You want to perform an integrity check, but to increase security, you store vital Tripwire files off-host.

In this recipe and others, we use two machines: your original machine to be checked, which we'll call trippy, and a second, trusted machine we'll call trusty. trippy is the untrusted machine whose integrity you want to check with Tripwire. trusty is a secure machine, typically with no incoming network access.

1.6.2 Solution

Store copies of the site key, local key, and tripwire binary on a trusted remote machine that has no incoming network access. Use rsync, securely tunneled through ssh, to verify that the originals and copies are identical, and to trigger an integrity check.

The initial setup on remote machine trusty is:

#!/bin/sh
REMOTE_MACHINE=trippy
RSYNC='/usr/bin/rsync -a --progress --rsh=/usr/bin/ssh'
SAFE_DIR=/usr/local/tripwire/${REMOTE_MACHINE}
VITAL_FILES="/usr/sbin/tripwire 
        /etc/tripwire/site.key 
        /etc/tripwire/${REMOTE_MACHINE}-local.key"

mkdir $SAFE_DIR
for file in $VITAL_FILES
do 
        $RSYNC ${REMOTE_MACHINE}:$file $SAFE_DIR/
done

Prior to running every integrity check on the local machine, verify these three files by comparing them to the remote copies. The following code should be run on trusty, assuming the same variables as in the preceding script (REMOTE_MACHINE, etc.):

#!/bin/sh
cd $SAFE_DIR
rm -f log
for file in $VITAL_FILES
do
        base=`basename $file`
        $RSYNC -n ${REMOTE_MACHINE}:$file . | fgrep -x "$base" >> log
done
if [ -s log ] ; then
        echo 'Security alert!'
else
        ssh ${REMOTE_MACHINE} -l root /usr/sbin/tripwire --check
fi

1.6.3 Discussion

rsync is a handy utility for synchronizing files on two machines. In this recipe we tunnel rsync through ssh, the Secure Shell, to provide secure authentication and to encrypt communication between trusty and trippy. (This assumes you have an appropriate SSH infrastructure set up between trusty and trippy, e.g., [Recipe 6.4]. If not, rsync can be used insecurely without SSH, but we don't recommend it.)

The —progress option of rsync produces output only if the local and remote files differ, and the -n option causes rsync not to copy files, merely reporting what it would do.
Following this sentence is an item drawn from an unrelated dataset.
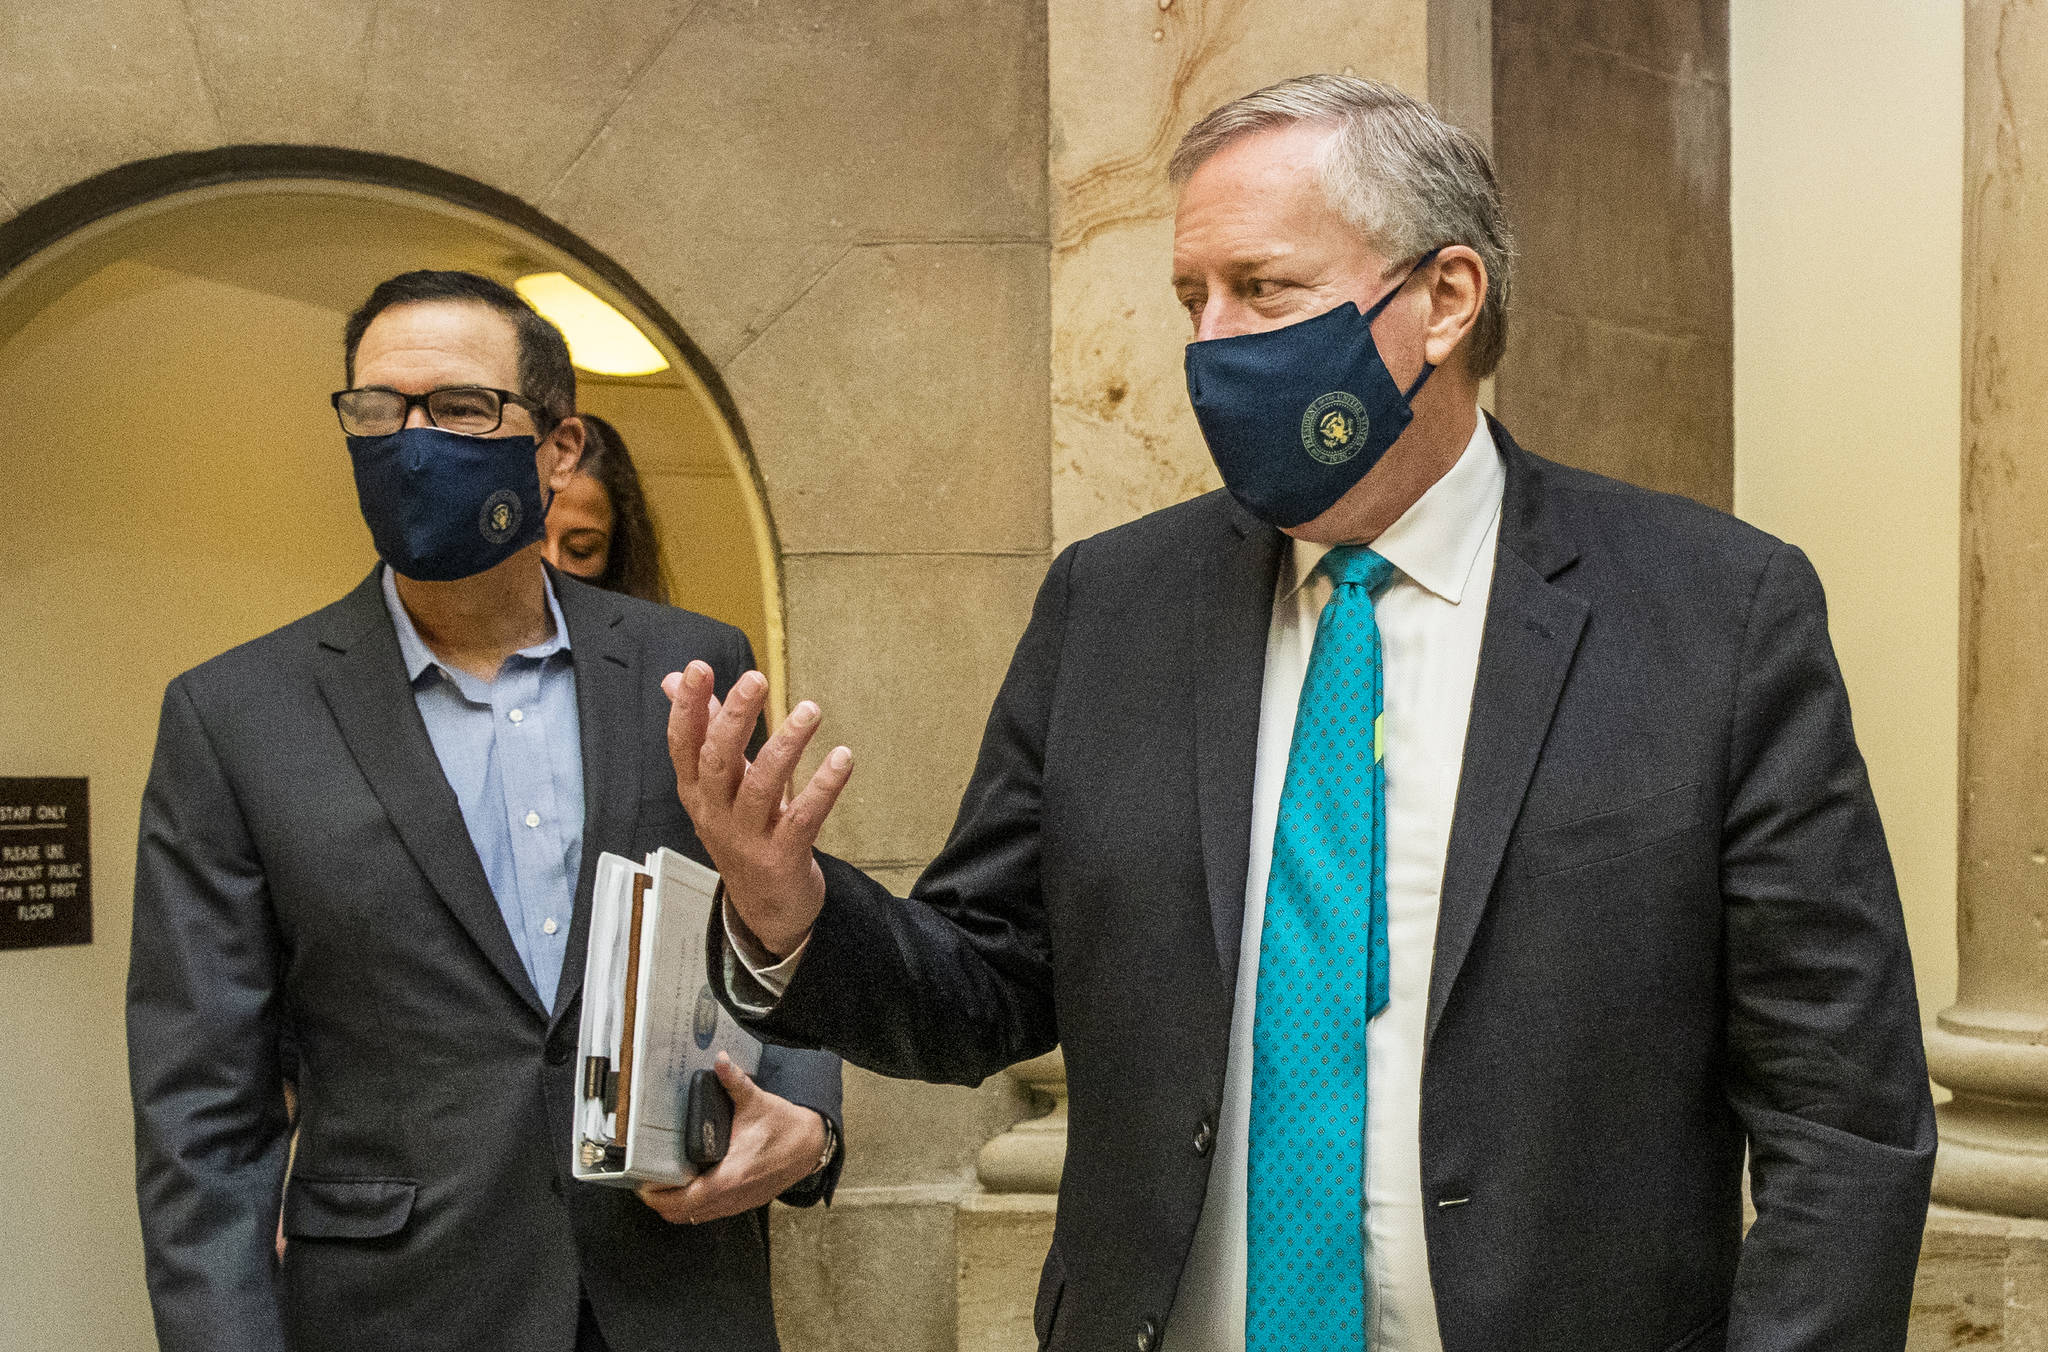 White House chief of staff Mark Meadows, right, and Treasury Secretary Steven Mnuchin, arrive at the office of House Speaker Nancy Pelosi at the Capitol to resume talks on a COVID-19 relief bill, Saturday, Aug. 1, 2020, in Washington. (AP Photo / Manuel Balce Ceneta)

The fgrep command removes all output but the filenames in question. (We use fgrep because it matches fixed strings, not regular expressions, since filenames commonly contain special characters like "." found in regular expressions.) The fgrep -x option matches whole lines, or in this case, filenames. Thus, the file log is empty if and only if the local and remote files are identical, triggering the integrity check.

You might be tempted to store the Tripwire database remotely as well, but it's not necessary. Since the database is signed with the local key, which is kept off-host, tripwire would alert you if the database changed unexpectedly.

Instead of merely checking the important Tripwire files, trusty could copy them to trippy before each integrity check:

# scp -p tripwire trippy:/usr/sbin/tripwire
# scp -p site.key trippy-local.key trippy:/etc/tripwire/
# ssh trippy -l root /usr/sbin/tripwire --check

Another tempting alternative is to mount trippy's disks remotely on trusty, preferably read-only, using a network filesystem such as NFS or AFS, and then run the Tripwire check on trusty. This method, however, is only as secure as your network filesystem software.

1.6.4 See Also

rsync(1), ssh(1).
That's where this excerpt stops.